Effects of dietary exposures to pesticide residues on the ... · Faecal samples in 65 twin pairs that are discordant for an organic diet are studied by shotgun metagenomics and metabolomics

Pair B · Web viewAs mentioned during the last lab period, sequenced-based metagenomics analysis encompasses the sequencing of entire genomes, and the sequencing of 16S rDNA sequences

Taxonomy of anaerobic digestion microbiome reveals biases ... · approaches: 16S rRNA amplicon sequencing, shotgun DNA and shotgun RNA. This comparative analysis revealed that, in

Building a foundation for microbial metagenomics analysis Mccluskey_WDCM... · Building a foundation for microbial metagenomics analysis ... –Intestinal/Rumen •Growth of Metagenomics

Composition, taxonomy and functional diversity of the ... Biodiversity, Computational Biology, Genomics, Microbiology, Neurology Keywords Metagenomics, Microbiome, Shotgun sequencing,

Metagenomics Research Review - Smith College · 4 16S Ribosomal RNA The new era of metagenomics was ushered in by studies using 16S rRNA as a phylogenetic marker of microbial taxa.4

What is Metagenomics? - an IntroductionMetagenomics What is Metagenomics? Metagenomics (Environmental Genomics, Ecogenomics or Community Genomics) is the study of genetic material

Introduction...V1 V2 V3 V4 V5 V6 V7 V8 V9 Bacterial 16S rDNA 11/17/17 11 Metagenomics - Sequencing Metagenomic sequencing – Shotgun sequencing • Complete sequencing of entire metagenome

Identification of fungi in shotgun metagenomics datasetssihua.ivyunion.org/QT/Identification of fungi in shotgun metagenomic… · The most common is PCR amplification of internal

METAGENOMICS - genetica.uab.catgenetica.uab.cat/base/documents/Genomics/Metagenomics.

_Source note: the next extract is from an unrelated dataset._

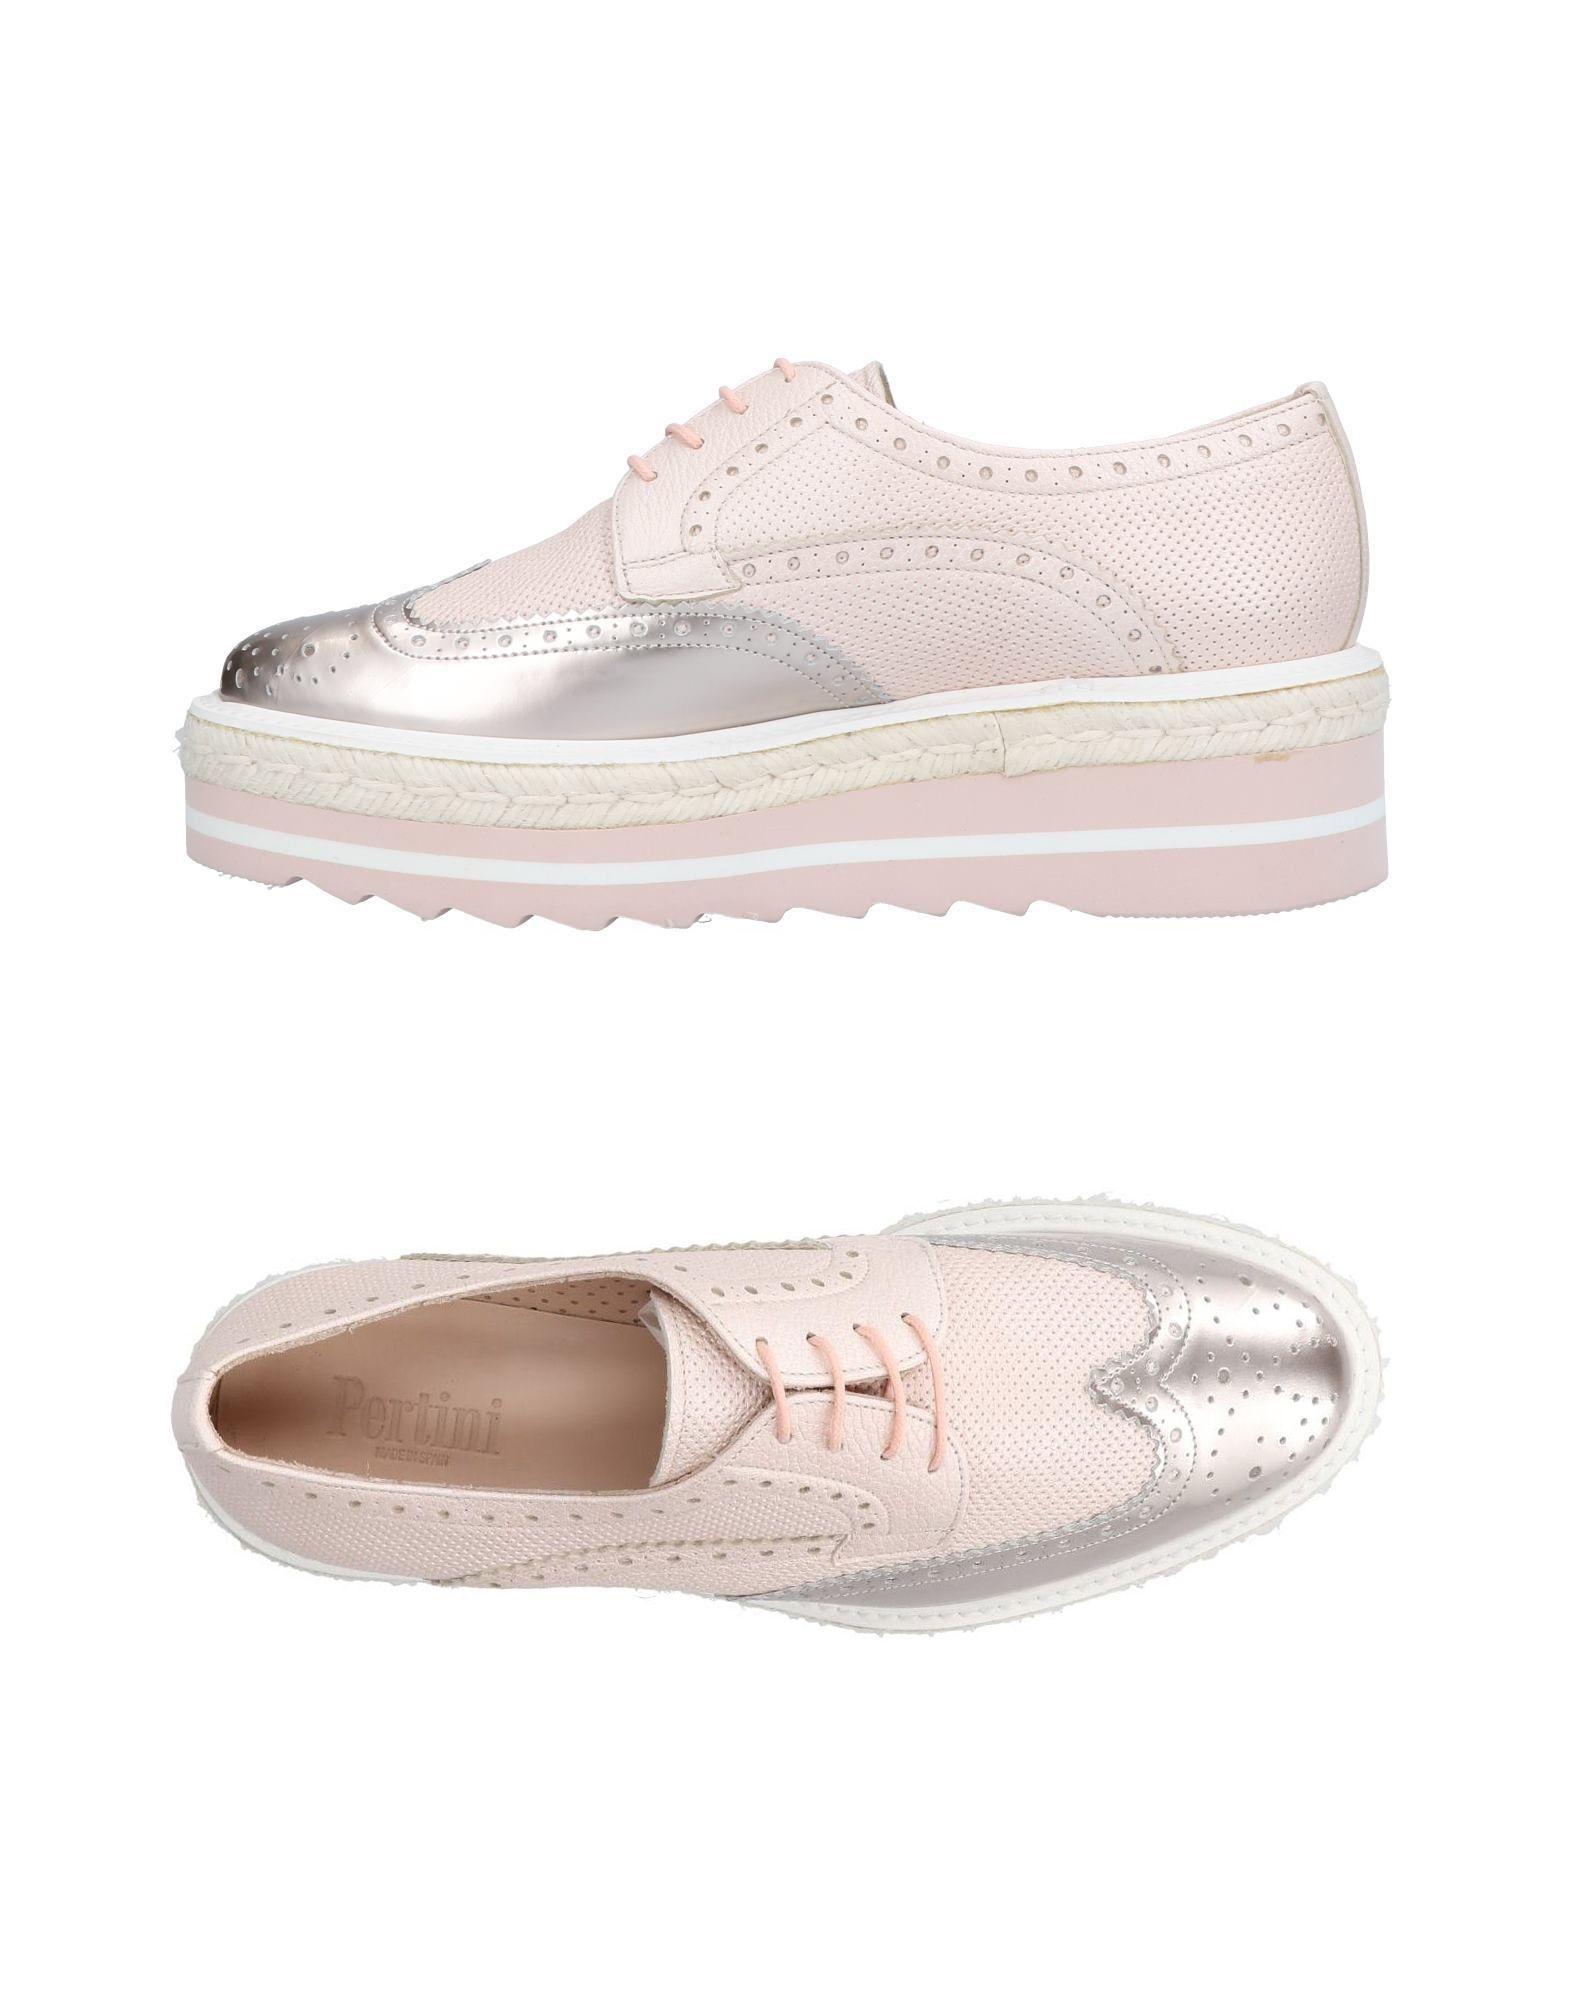 Pertini Schnürschuhe Damen  11458511MS Gute Qualität beliebte Schuhe
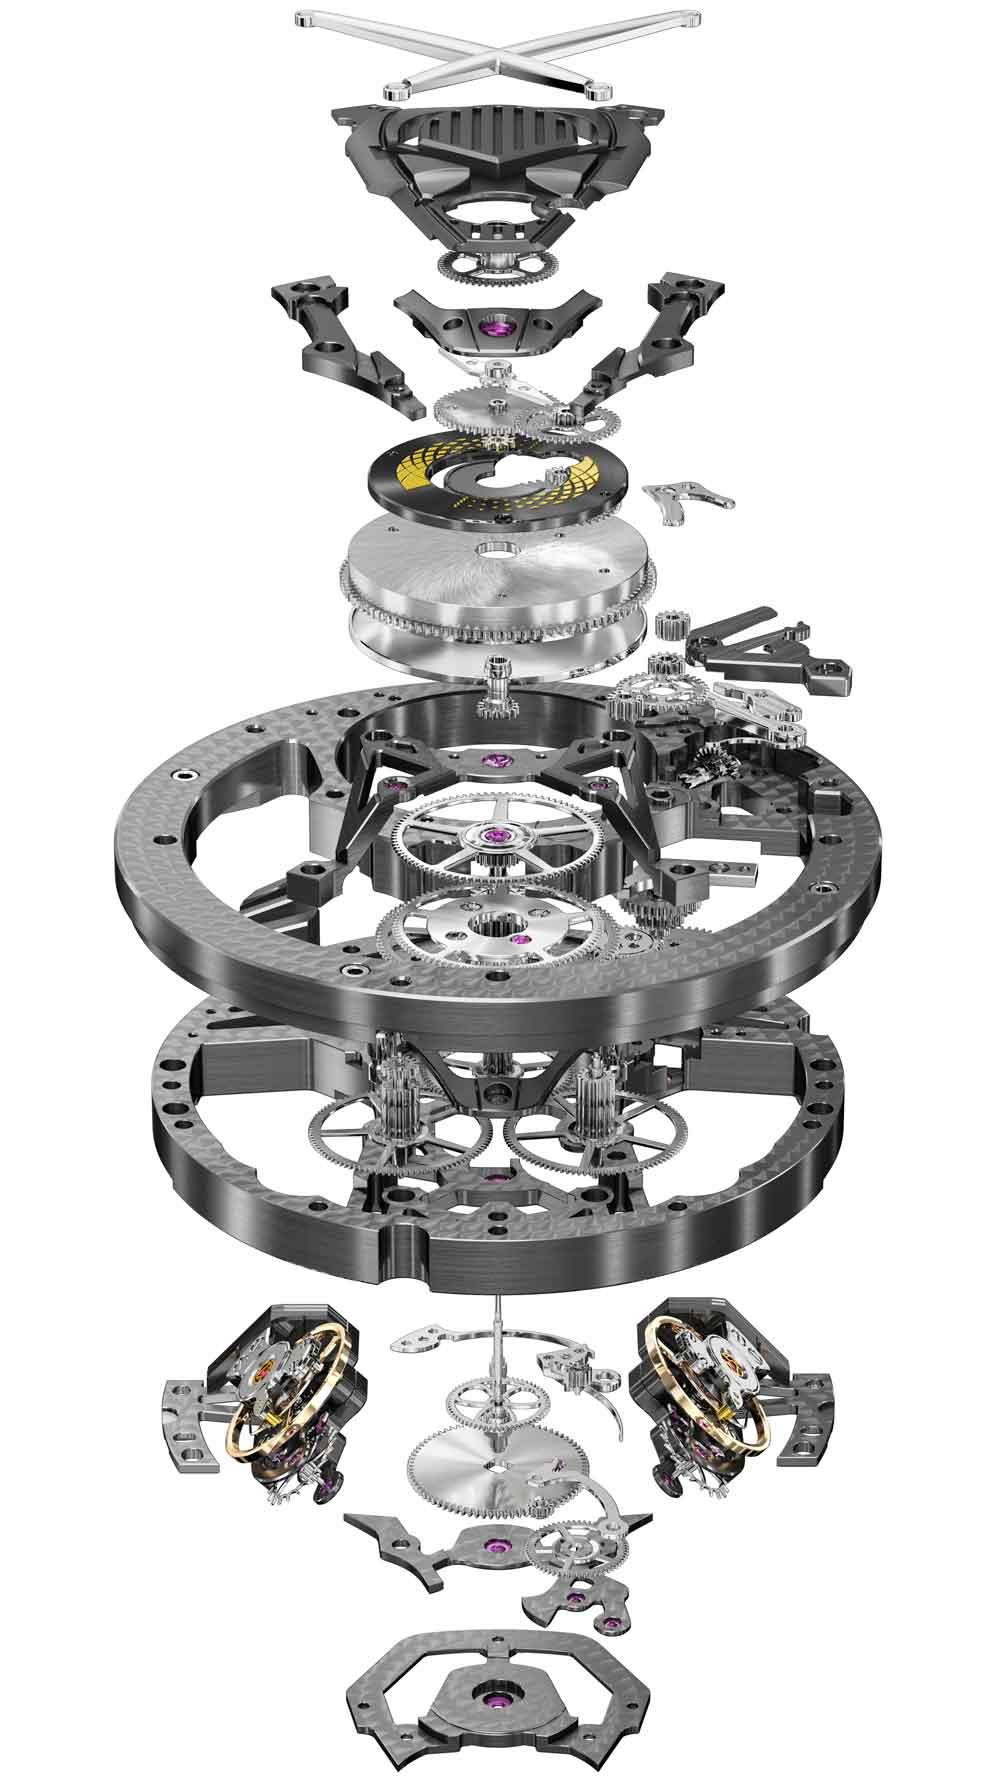 Mecanismo cuerda manual Reloj ROGER DUBUIS EXCALIBUR AVENTADOR S

Aina Mª Mas2015... · Metagenomics is complemeted with different approaches to have an overall

Multiple comparative metagenomics using multiset k-mer ... · composition. Such compositions may be approximated by sequencing marker genes, such as the rRNA 16S in bacterial communities

METAGENOMICS (16S AMPLICON SEQUENCING) AND DGGE …

Improving saliva shotgun metagenomics by chemical host …

Quantitative Metagenomics

SHOTGUN METAGENOMIC SEQUENCING AND …hmpdacc.org/doc/d1.s2.t2 - Makedonka Mitreva - WGS at...(()Poster #59) 2. Metagenomic analysis of the microbiota 16S community profiling (Poster

Metagenomics and 16S - DTU

PoreLab - Hogeschool Leiden · Shotgun metagenomics enables accurate detection of organisms but ratio’s are an approximation. Transcriptomics is still at it’s infancy but will

713 Lecture 15 Host metagenomics. Progression of techniques Culture based –Use phenotypes and genotypes to ID Non-culture based, focused on 16S rDNA –Clone.